● Task statement
Nothing except the pictures should be left out when you reproduce the listing exactly.

----- Recorded data -----

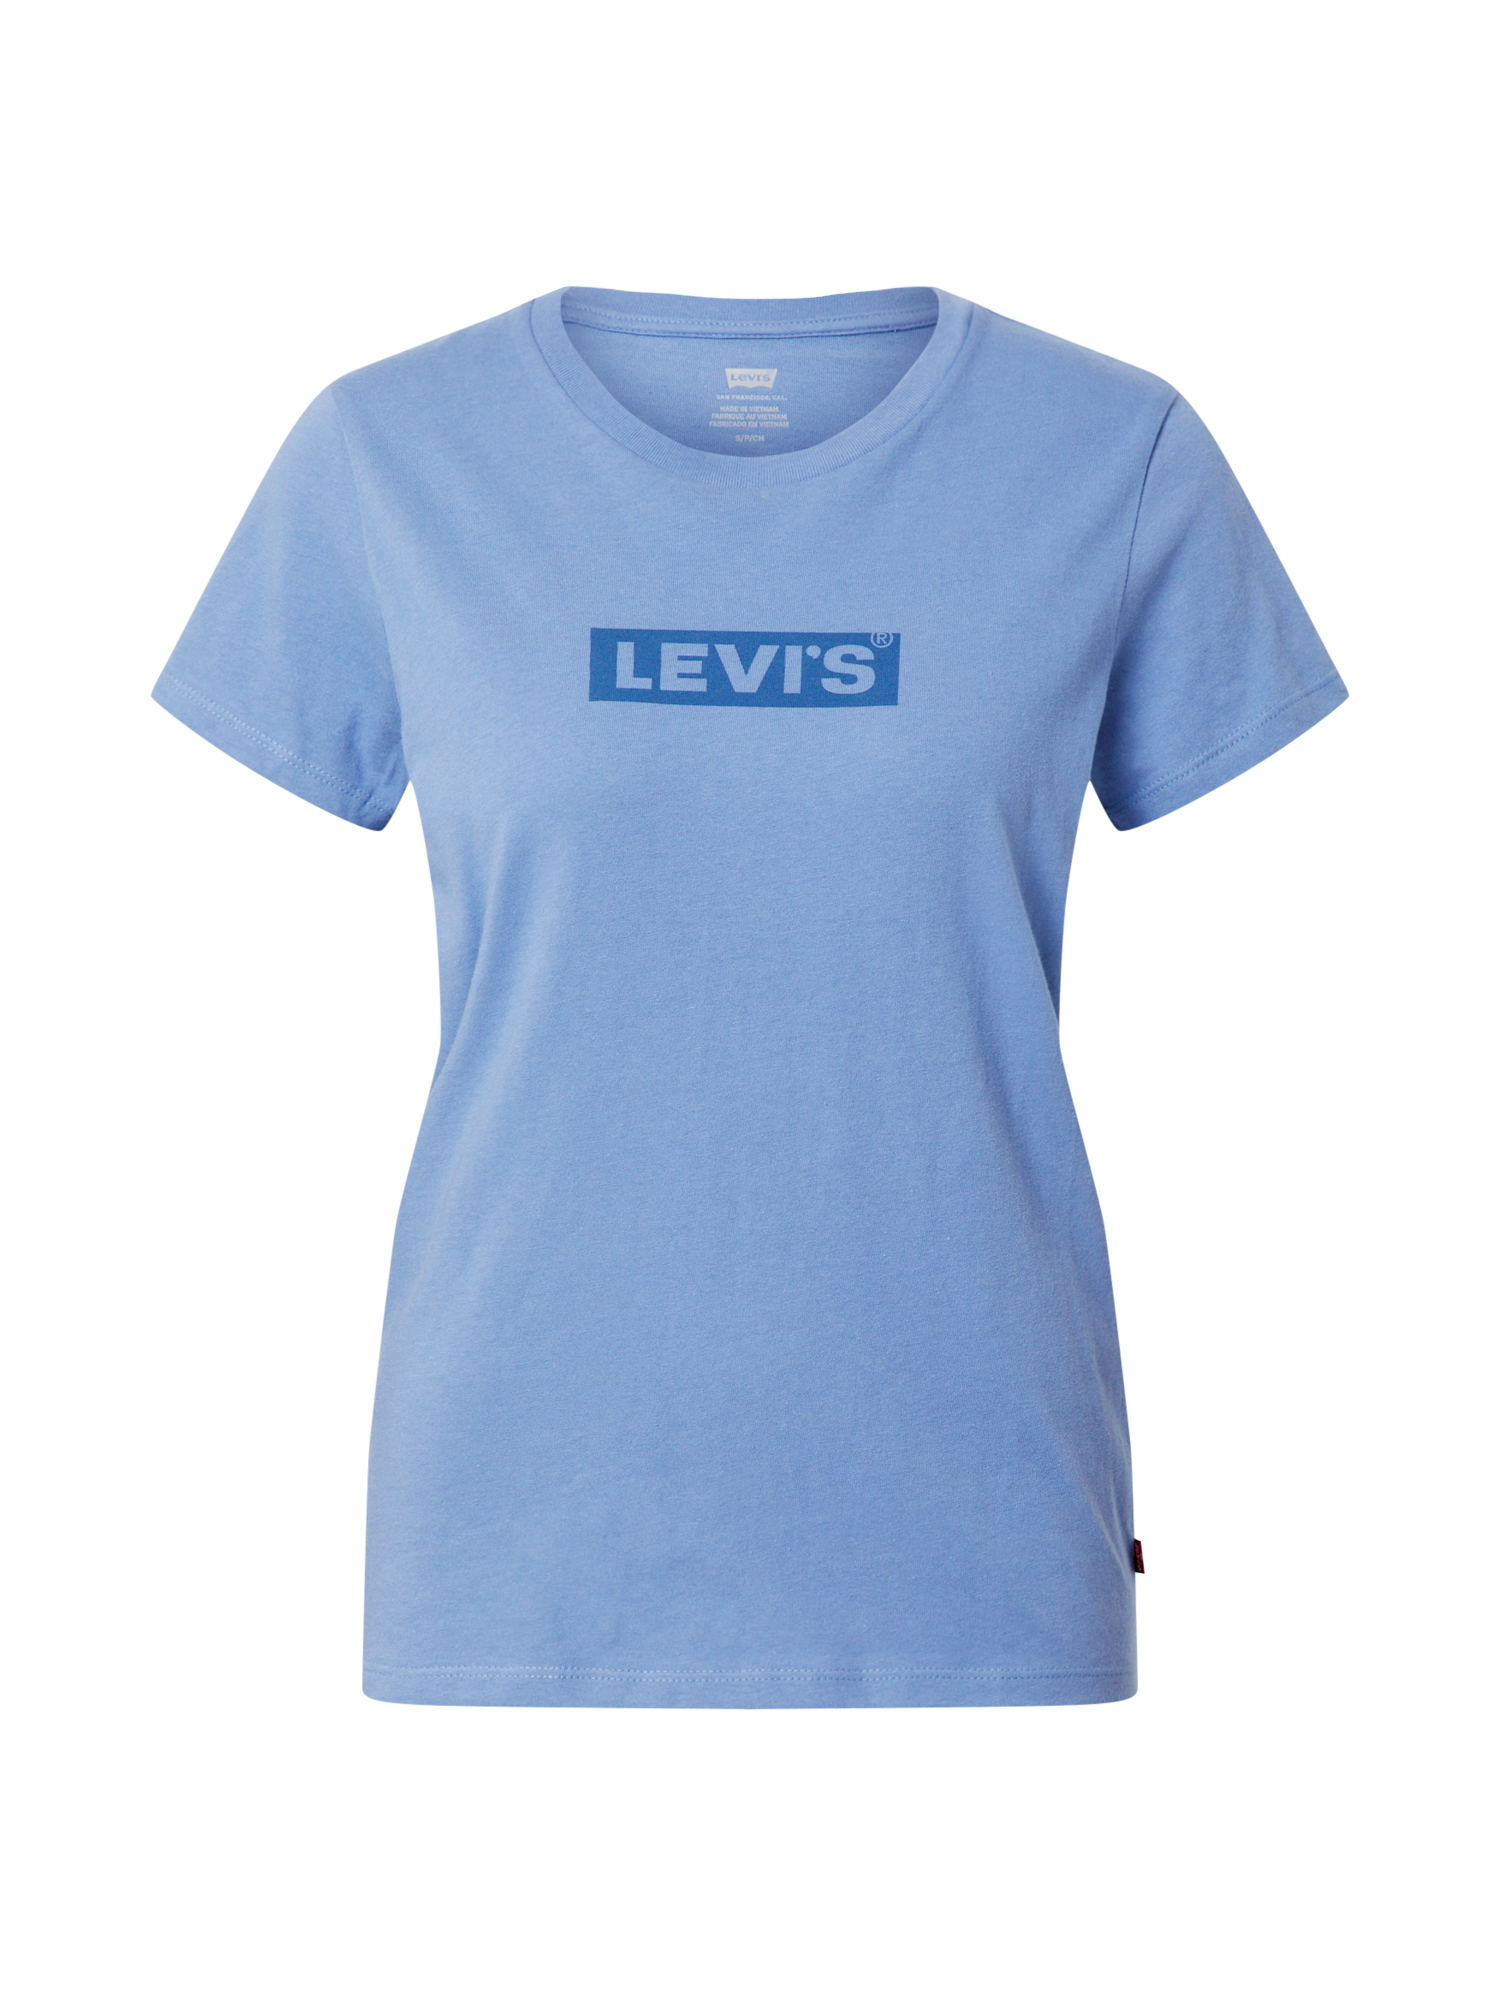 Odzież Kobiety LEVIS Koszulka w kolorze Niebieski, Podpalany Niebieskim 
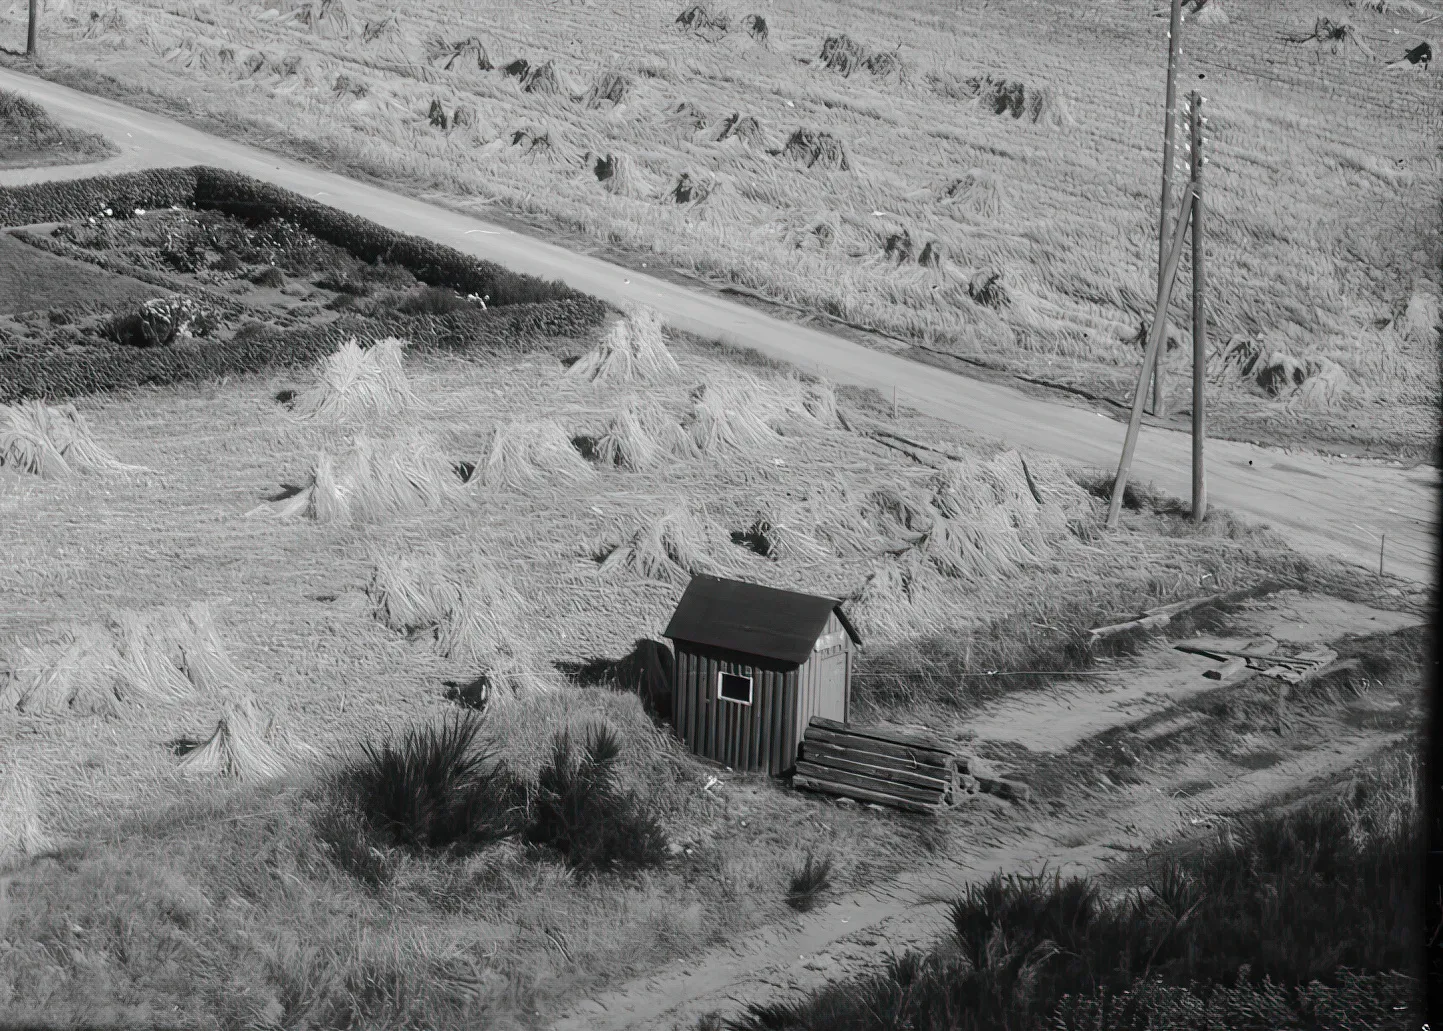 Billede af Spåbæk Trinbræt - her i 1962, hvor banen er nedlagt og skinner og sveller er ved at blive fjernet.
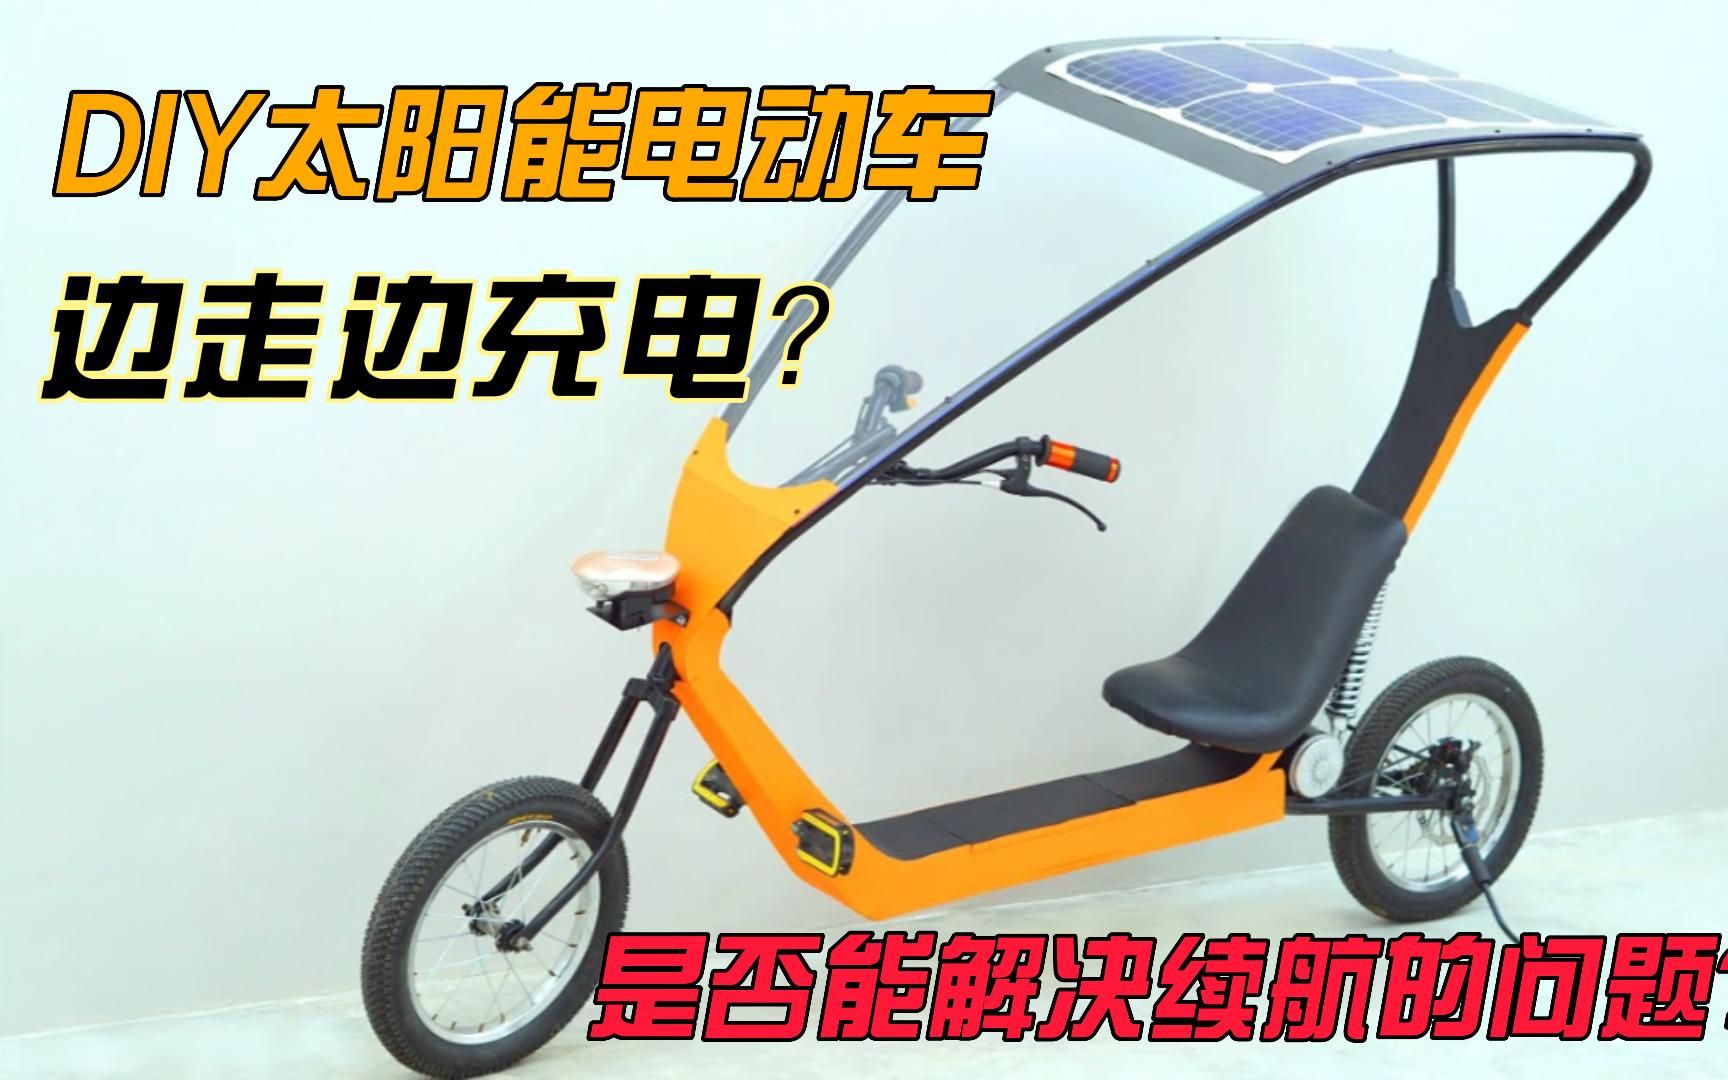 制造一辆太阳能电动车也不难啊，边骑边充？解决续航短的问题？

-----

● Answer to this problem
 Odzież Kobiety LEVIS Koszulka w kolorze Niebieski, Podpalany Niebieskim 
 Billede af Spåbæk Trinbræt - her i 1962, hvor banen er nedlagt og skinner og sveller er ved at blive fjernet.
 制造一辆太阳能电动车也不难啊，边骑边充？解决续航短的问题？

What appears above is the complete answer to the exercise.